INTERVENTIONS: At admission, anxiety and clinical factors (including known predictors of respiratory failure: delay between GBS onset and admission, inability to lift head, vital capacity (VC)) were assessed and related to subsequent need for mechanical ventilation (MV). Anxiety was assessed using a Visual Analogical Scale (VAS), the State Anxiety Inventory form Y1 (STAI-Y1) score and a novel-specific questionnaire, evaluating fears potentially triggered by GBS. Patients were asked to choose which they found most stressful from weakness, pain, breathlessness and uncertainty.
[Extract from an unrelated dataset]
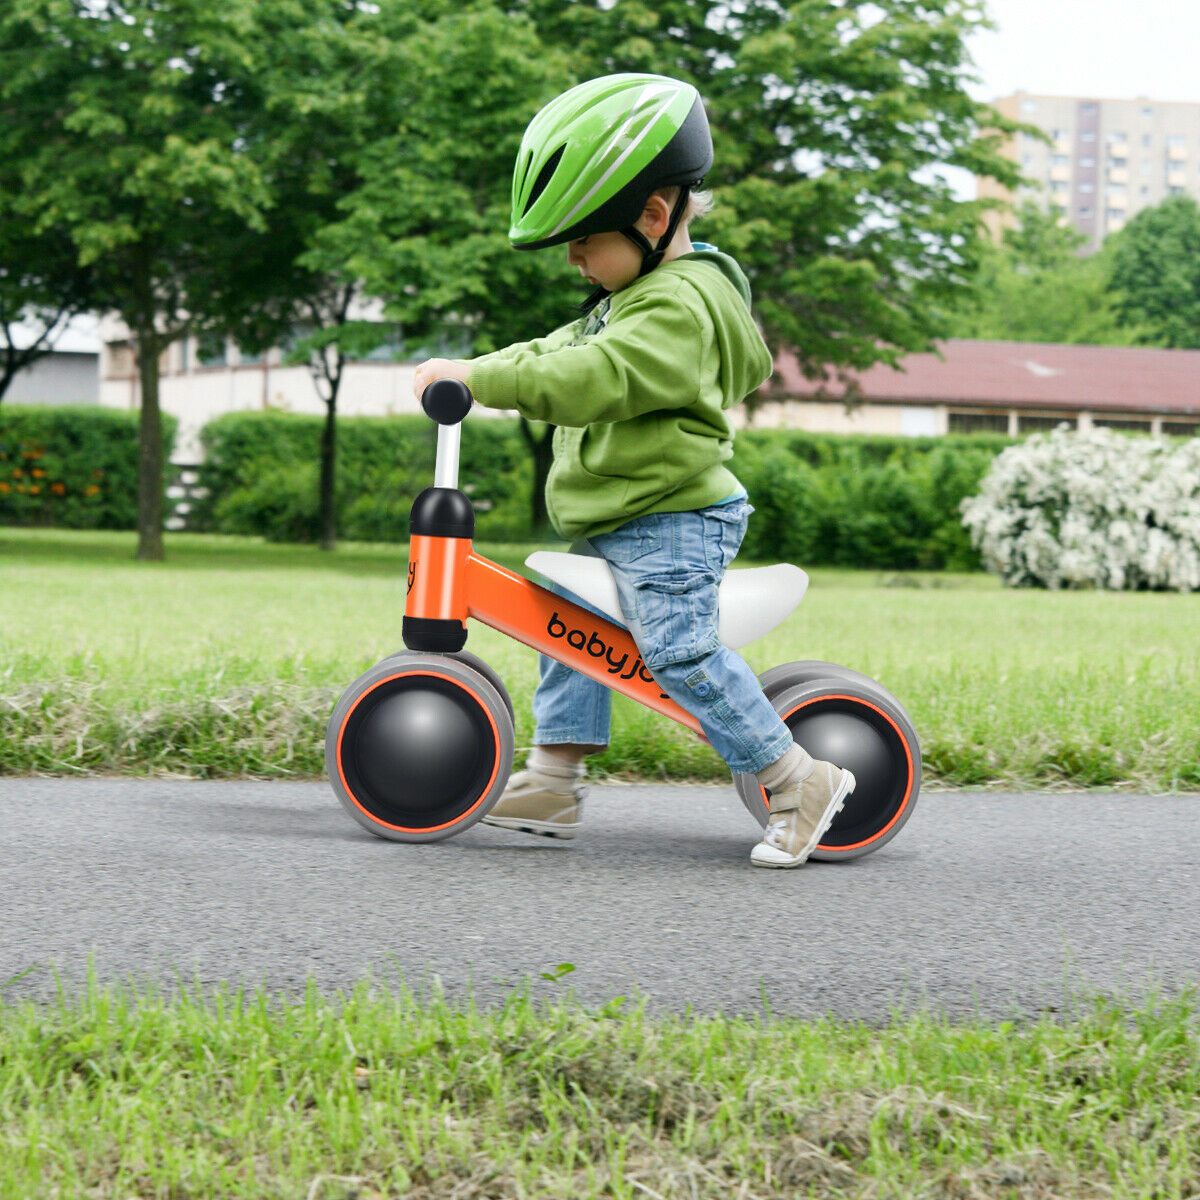 Babyjoy 4 Wheels Baby Balance Bike Children Walker No-Pedal Toddler Toys Rides Orange - image 4 of 10
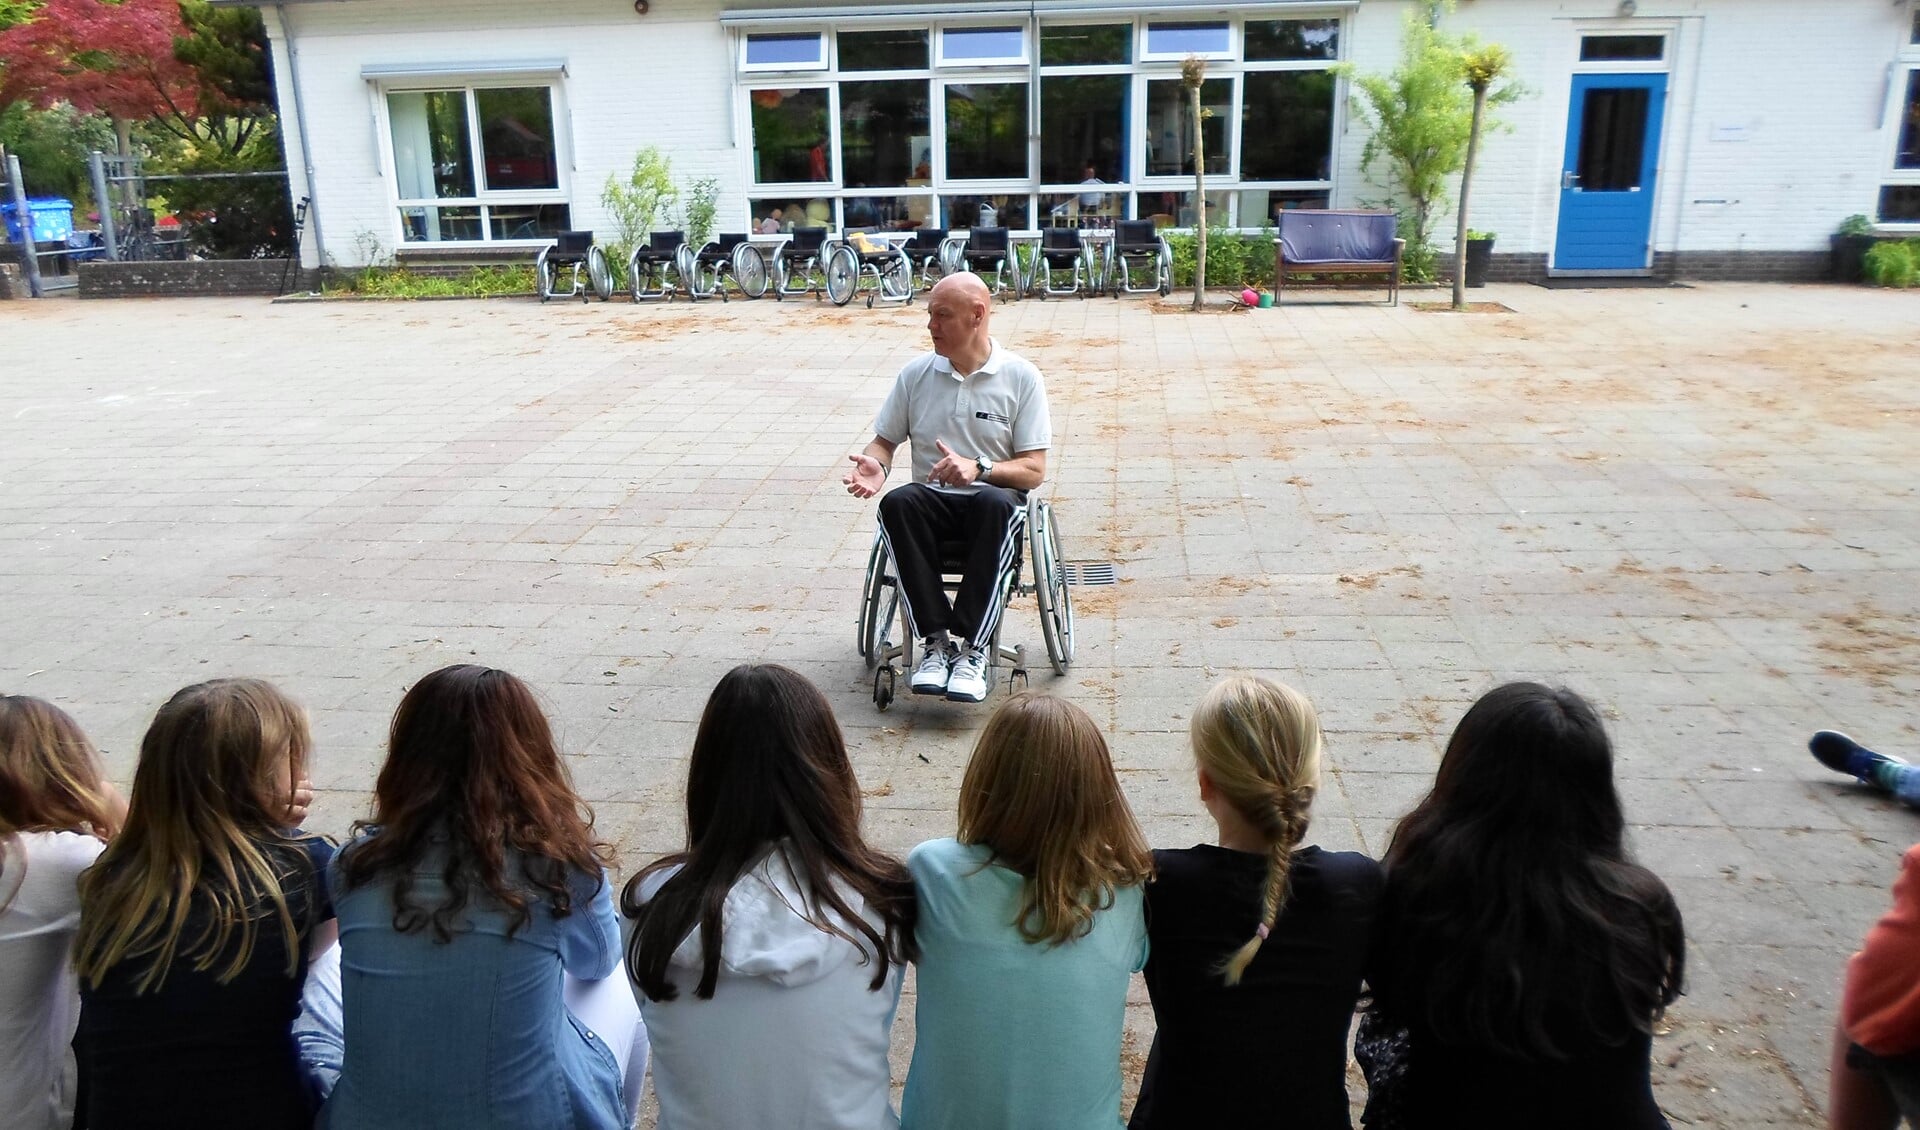 John legt de leerlingen uit waar ze rekening mee moeten houden als ze zelf in de rolstoel zitten.

RESULTS: 23 (22%) were subsequently ventilated. Mean STAI-Y1 was 47.2 (range 22-77) and anxiety VAS 5.2 (range 0-10). STAI was above 60/80 in 22 (21%) patients and anxiety VAS above 7/10 in 28 (27%) patients. Fear of remaining paralysed, uncertainty as to how the disease would progress and fear of intubation were the most stressful. Factors significantly associated with anxiety were weakness and bulbar dysfunction. STAI-Y1 was higher and uncertainty more frequent in subsequently ventilated patients, who had shorter onset-admission delay and greater weakness but not a lower VC. Uncertainty was independently associated with subsequent MV.

CONCLUSIONS: Early management of patients with GBS should evaluate anxiety and assess its causes both to adjust psychological support and to anticipate subsequent deterioration.